SUPPLIED INFORMATION:
-- Opening Marker --
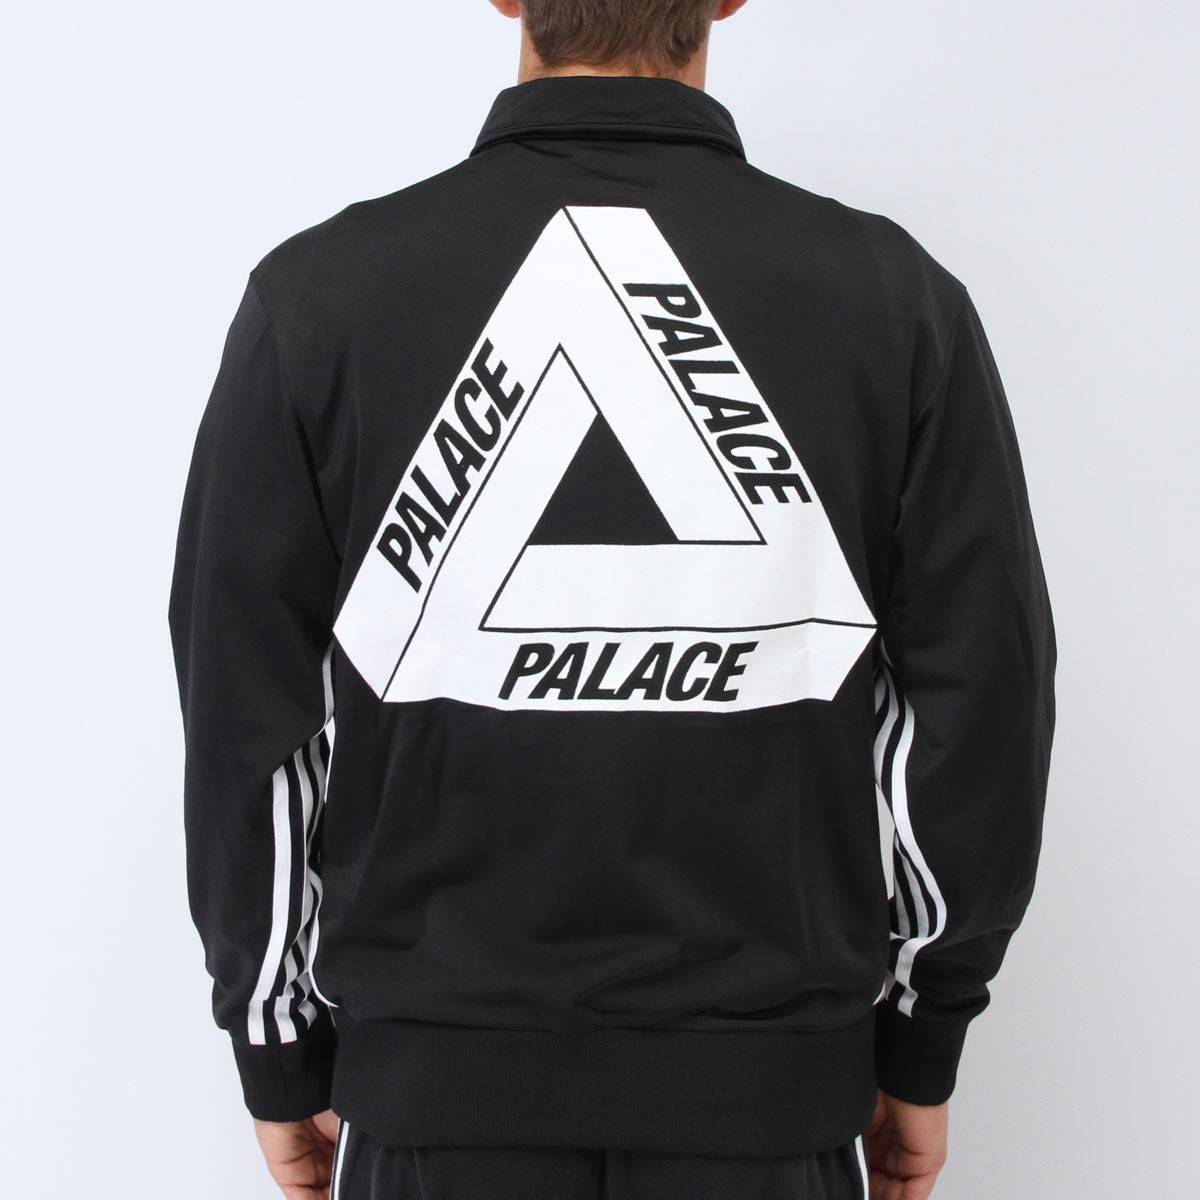 Palace Adidas jacket
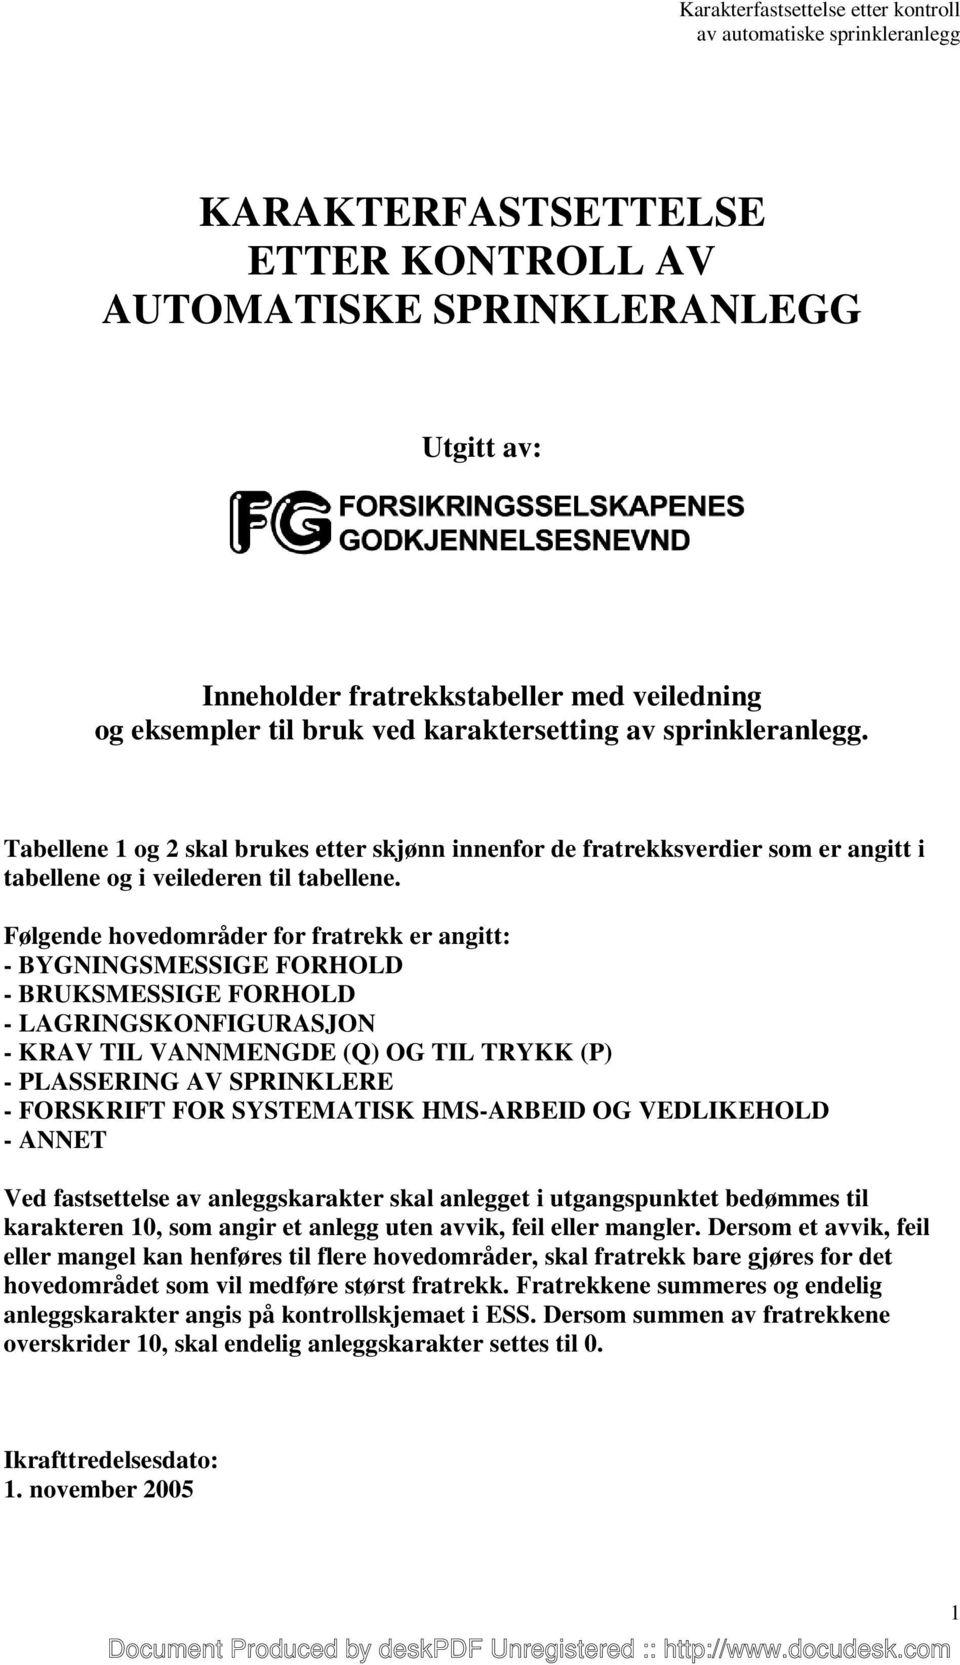 KARAKTERFASTSETTELSE ETTER KONTROLL AV AUTOMATISKE SPRINKLERANLEGG - PDF  Gratis nedlasting
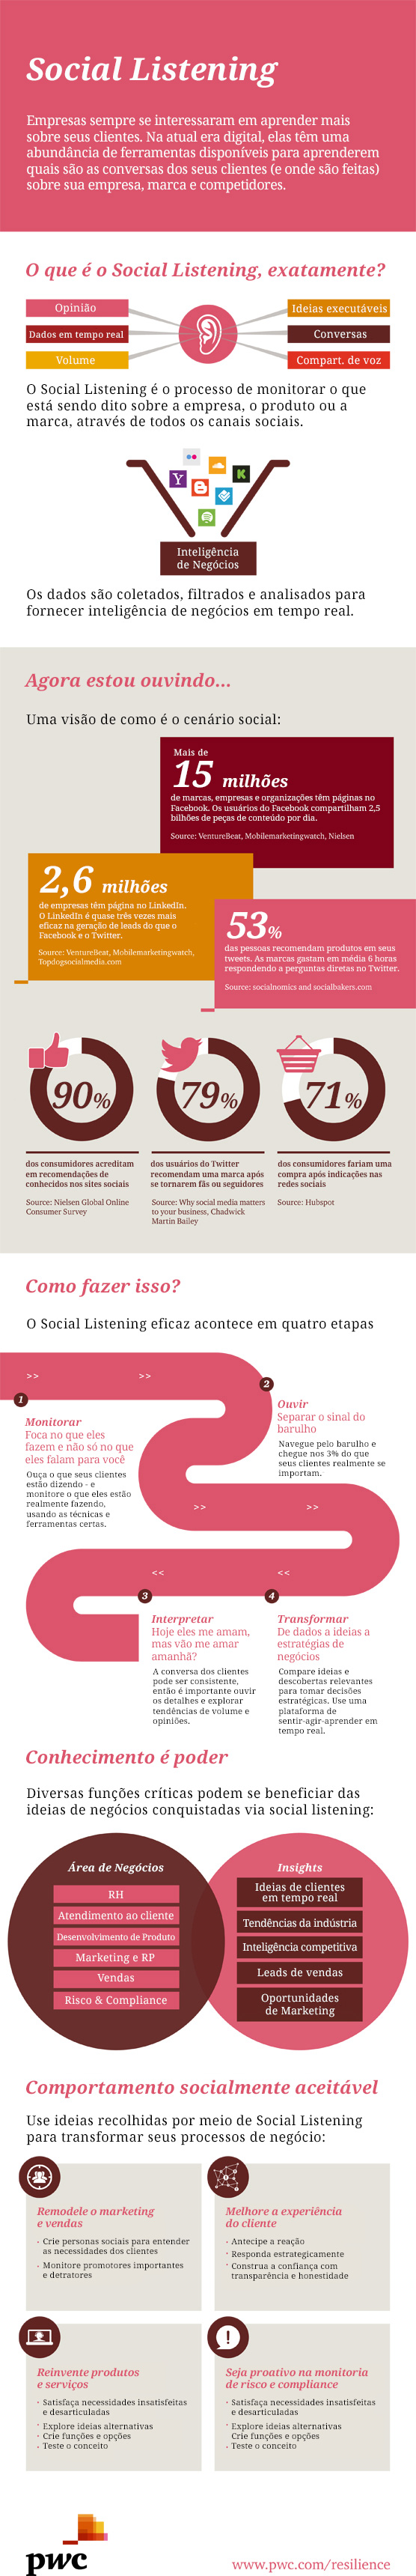 Infográfico: o que é e como fazer Social Listening?
-- Closing Marker --
INSTRUCTIONS FOR THE TASK: Reprint the listing above exactly, without images.

RESULT FOR THIS EXERCISE:
 Palace Adidas jacket
 KARAKTERFASTSETTELSE ETTER KONTROLL AV AUTOMATISKE SPRINKLERANLEGG - PDF  Gratis nedlasting
 Infográfico: o que é e como fazer Social Listening?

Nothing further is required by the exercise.